Action item
Nothing may be left out of the listing below but its images; repeat the rest exactly.

Supplied material
▬▬▬▬▬▬▬▬▬▬

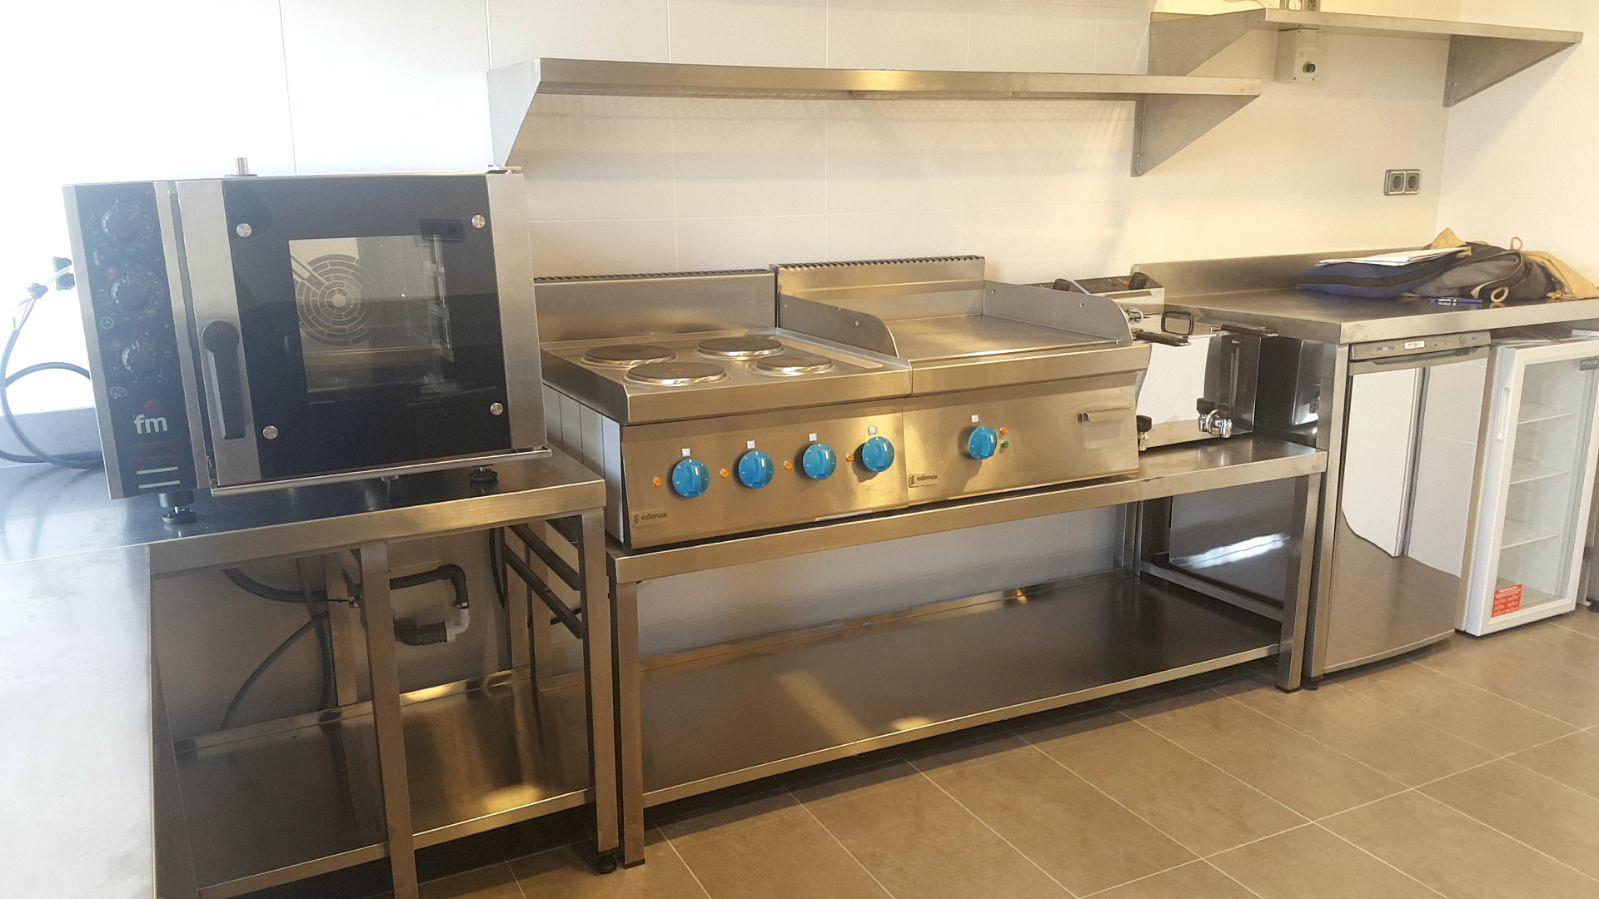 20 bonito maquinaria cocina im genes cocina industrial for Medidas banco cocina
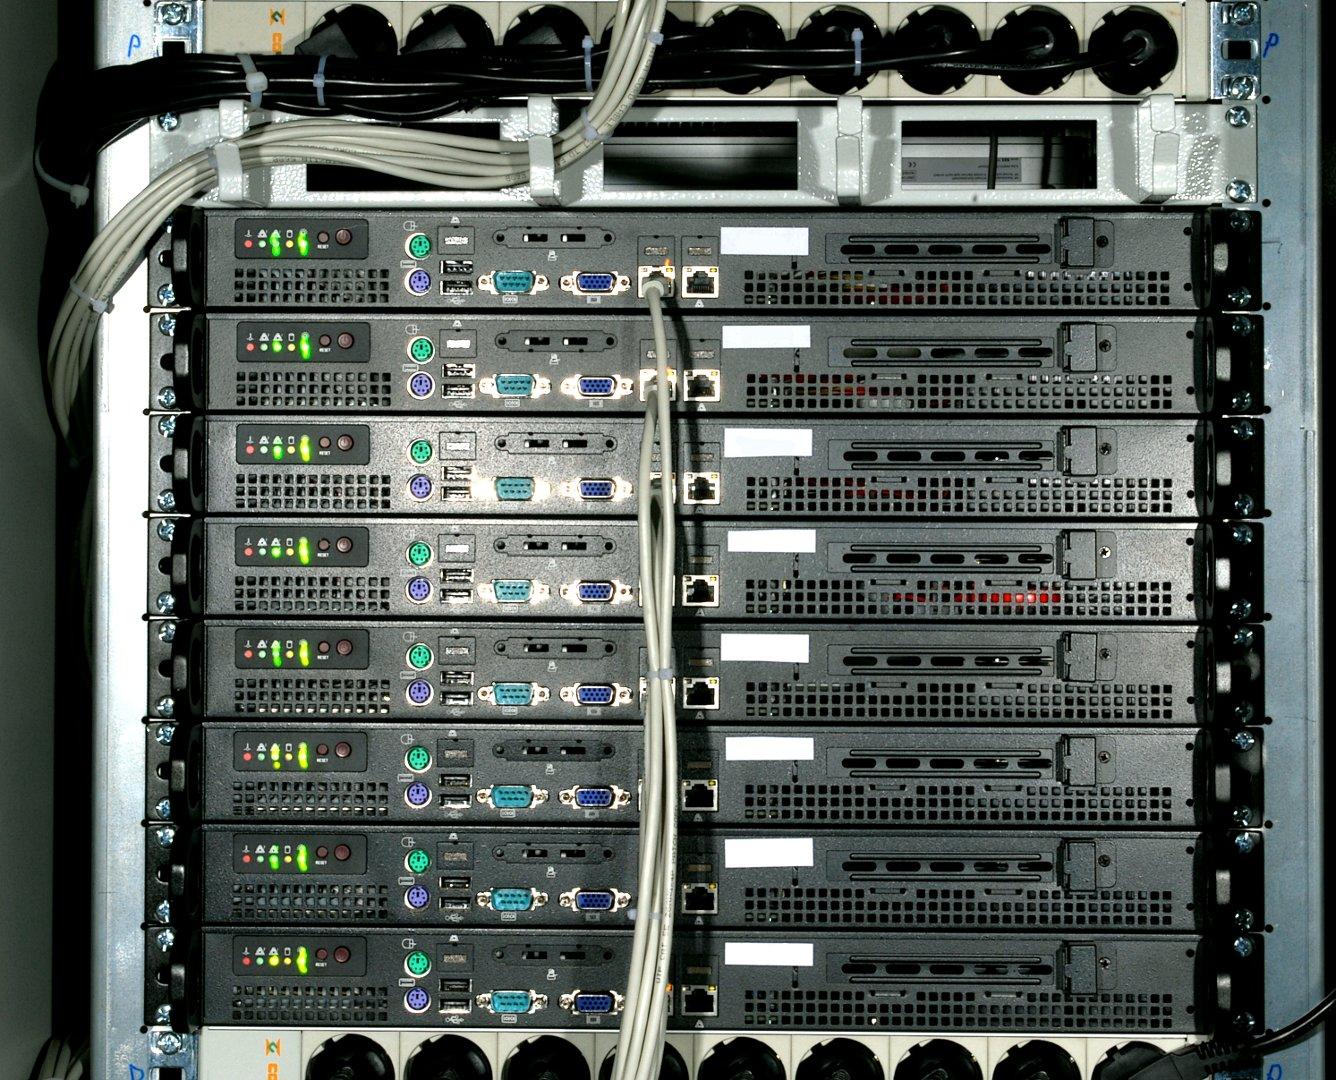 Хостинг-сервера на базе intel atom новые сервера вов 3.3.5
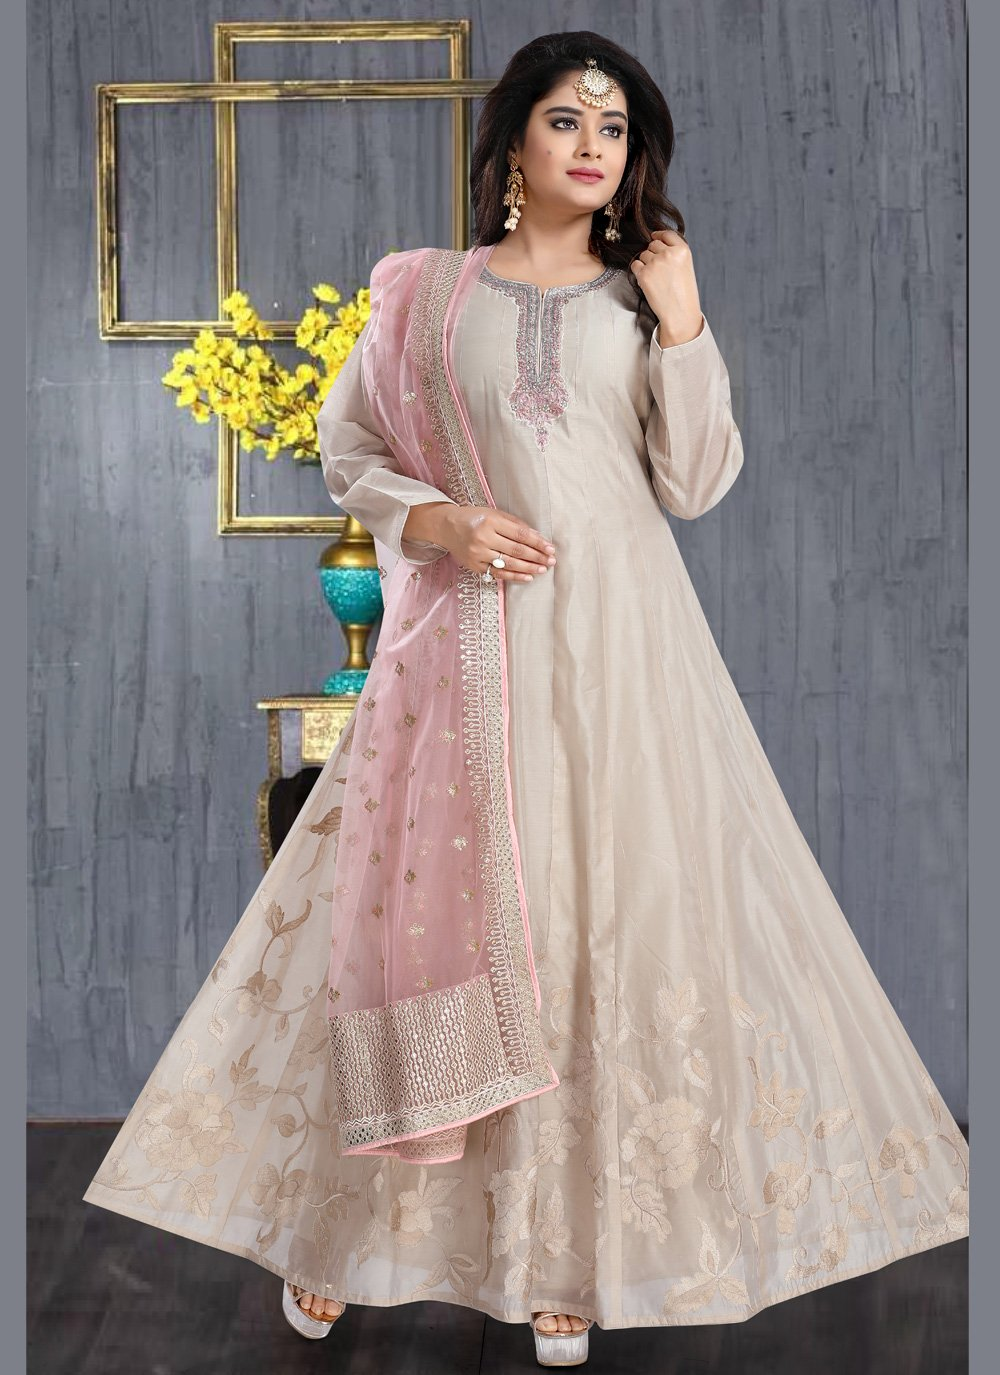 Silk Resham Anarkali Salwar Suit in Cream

▬▬▬▬▬▬▬▬▬▬

Solution to this task
 20 bonito maquinaria cocina im genes cocina industrial for Medidas banco cocina
 Хостинг-сервера на базе intel atom новые сервера вов 3.3.5
 Silk Resham Anarkali Salwar Suit in Cream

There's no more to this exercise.